Сергей Соболев - Командировка на тот свет
– Целься меж лопаток! – скомандовал Ахъяд. – Или в затылок! Короче, завали ее с одного выстрела!
Парень перевел флажок в среднее положение «АВ». Никто не успел понять, что происходит, как юноша, разворачивая корпус влево, оскалив зубы в беззвучном крике, нажал на спусковой крючок. Он метился в амира и расположившихся рядом со старшим бойцов! Но звуков стрельбы не последовало…
Ахъяд, отступив на шаг, в свою очередь, выбросил вперед руку. Звонко треснул выстрел одиночным из «стечкина».
– Ах ты, шайтан! – процедил боевик, поднимая с плитки выпавшую из рук безумца «сучку» (он предусмотрительно извлек из рожка патроны). – Обмануть решил?! – Переступив через труп – пуля угодила юнцу в затылок, – направился к амиру и тем братьям, кто наблюдали за «спектаклем». – Вот же бар-ран! Видели? Я его одним выстрелом завалил!
Умара Вахаева держали связанным в одном из помещений третьего корпуса. Заперли в какой-то кладовке, предварительно связав ноги и руки.

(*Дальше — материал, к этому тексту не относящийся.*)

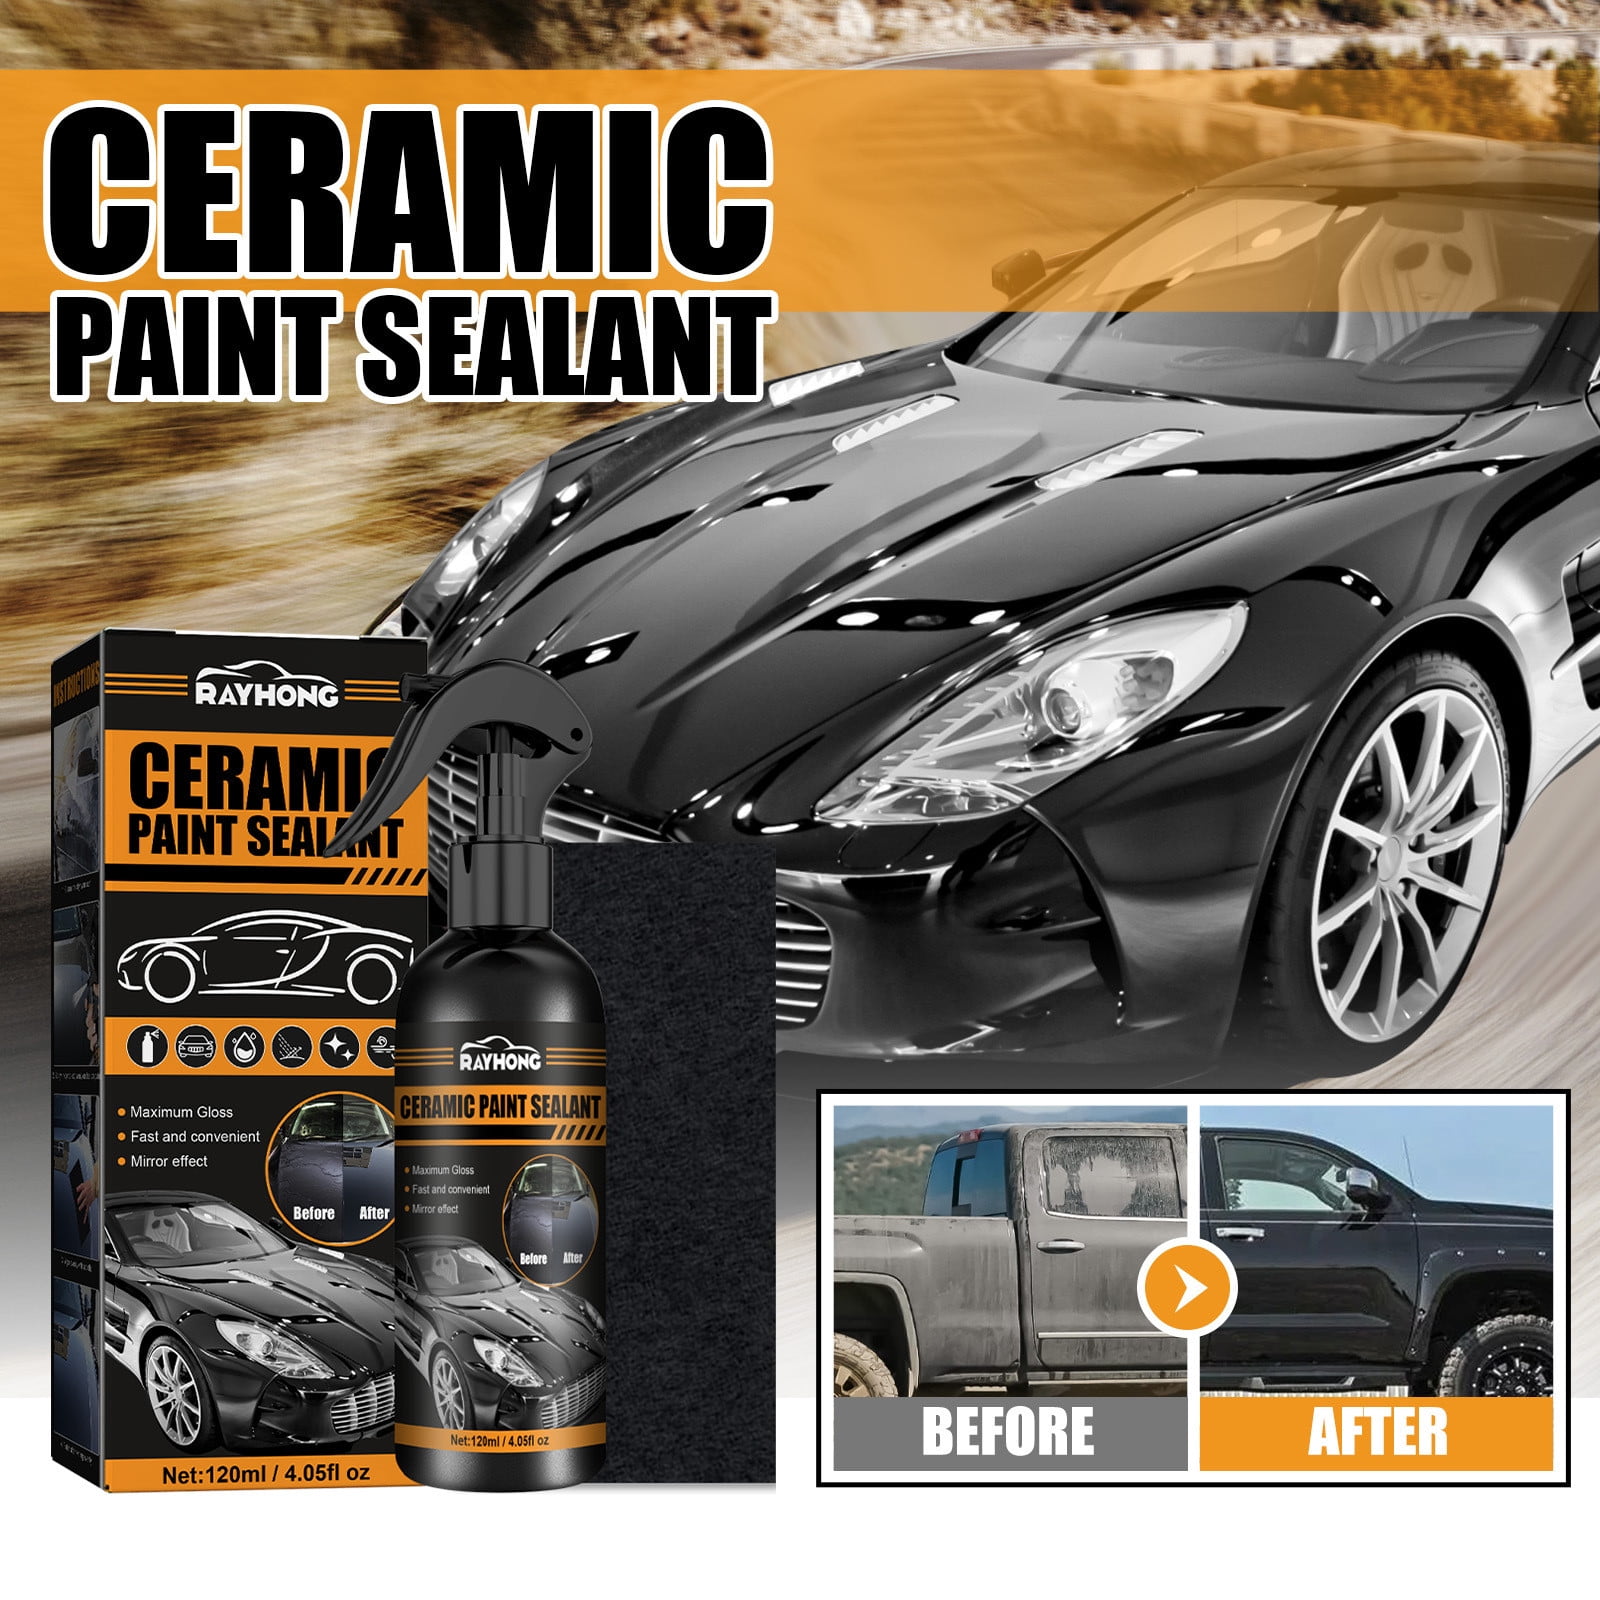 30ml 10H Anti-Scratch Auto Ceramic coating for cars Liquid Glass for Car  Car Polish Super Detailing Coating For Car Styling - AliExpress

Причем вязали Умара не так, как девочек, а по серьезному, по-мужски, со знанием дела.
Ближе к рассвету к нему наведались Алгереев и его телохранитель Ваха. Салман, младший брат Ахъяда, отпер одну из дверей. Ключами от большинства помещений всех трех корпусов разжились у местных администраторов, которые, когда их «попросили», указали, где именно в главном корпусе хранятся ключи и дубликаты.

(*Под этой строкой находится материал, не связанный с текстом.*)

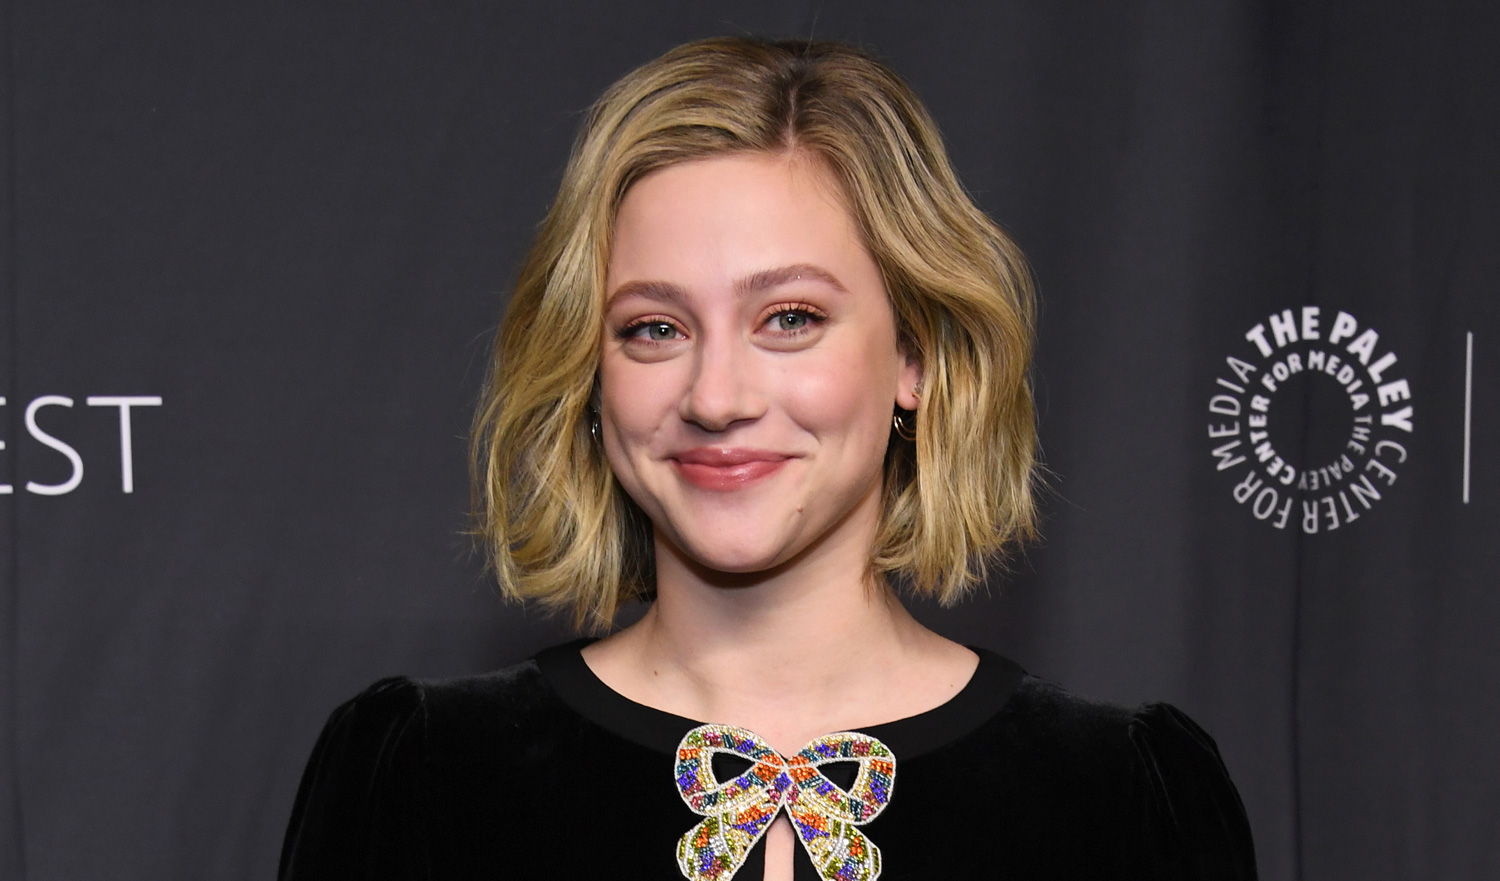 Lili Reinhart’s Next Movie Has a New Title & Release Date

Свет включать не стали. Алгереев посветил в лицо человеку, лежащему на полу, на площадке перед металлической лестницей.
– Ну так что, Умар? Предложение тебе было сделано, не так ли? Время для раздумий у тебя тоже имелось. Что скажешь? Вернешься к нам? Будешь вместе с нами бок о бок сражаться, как это было когда-то в прошлом? Или…
– Я еще не решил, – процедил Вахаев. – Веревки на руках и ногах мешают думать…

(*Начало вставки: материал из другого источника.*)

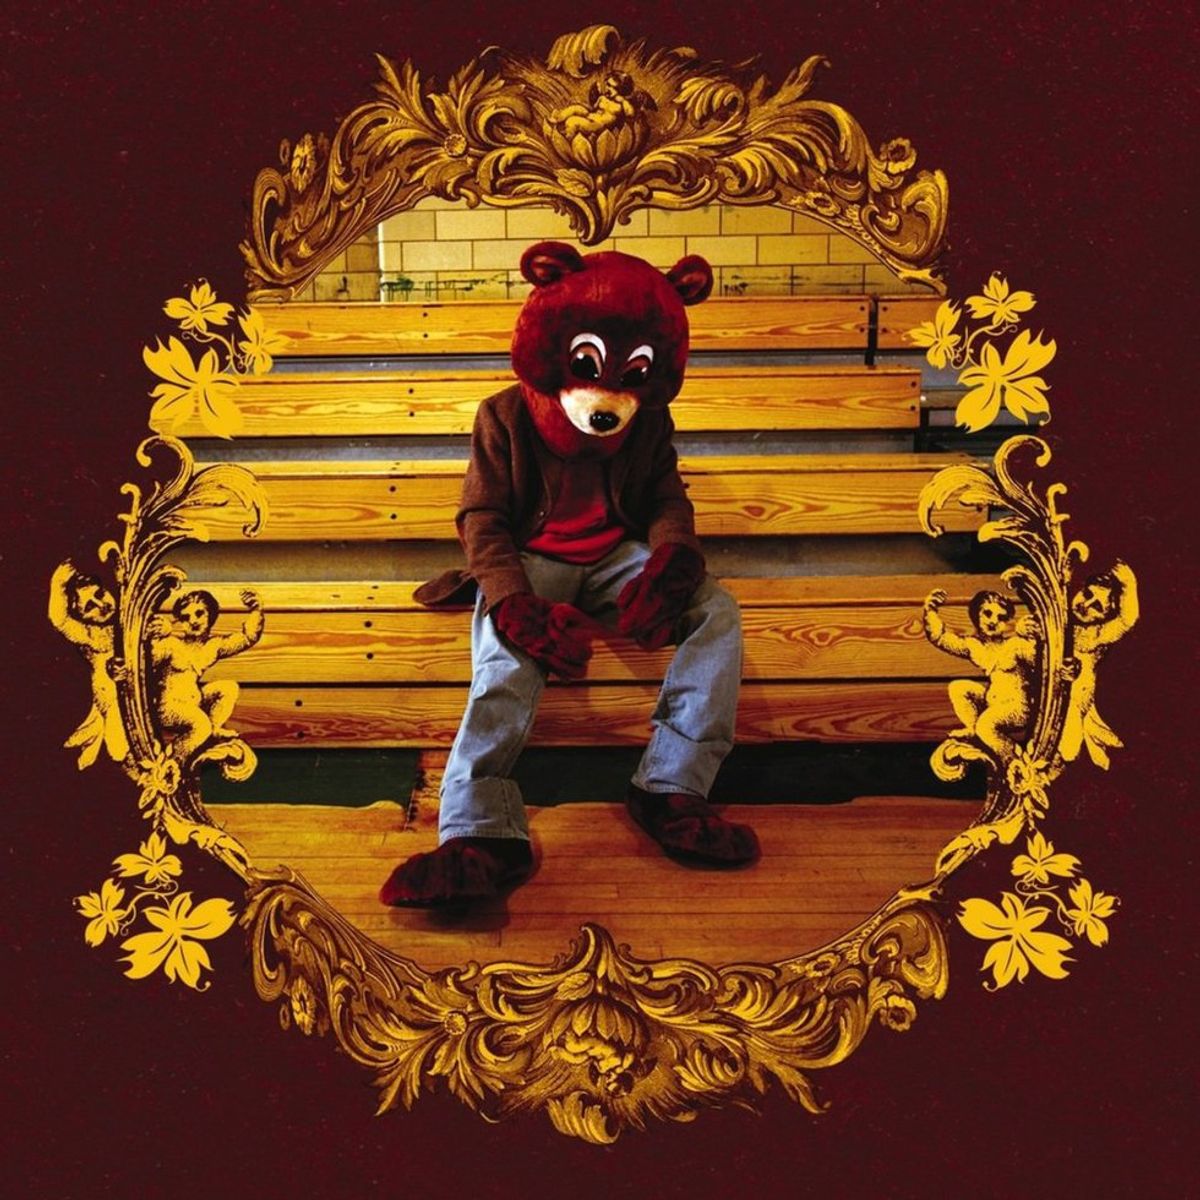 Why "The College Dropout" Is The Perfect Album

– А как ты хотел? Доверие надо будет заново завоевать. Если, конечно, примешь верное решение.
– Я еще ничего не решил.
– Ну, и как долго ты будешь предаваться мыслям? Откажись от слова, данного центороевским! Ну а слово, данное федералам, не стоит и куска навоза. Разве не так?
Вахаев промолчал.
– Мы же знаем, Умар, под каким давлением держали твою семью, чтобы ты вышел из леса. И чтобы потом, когда прошел через амнистию, стал служить кремлевским марионеткам.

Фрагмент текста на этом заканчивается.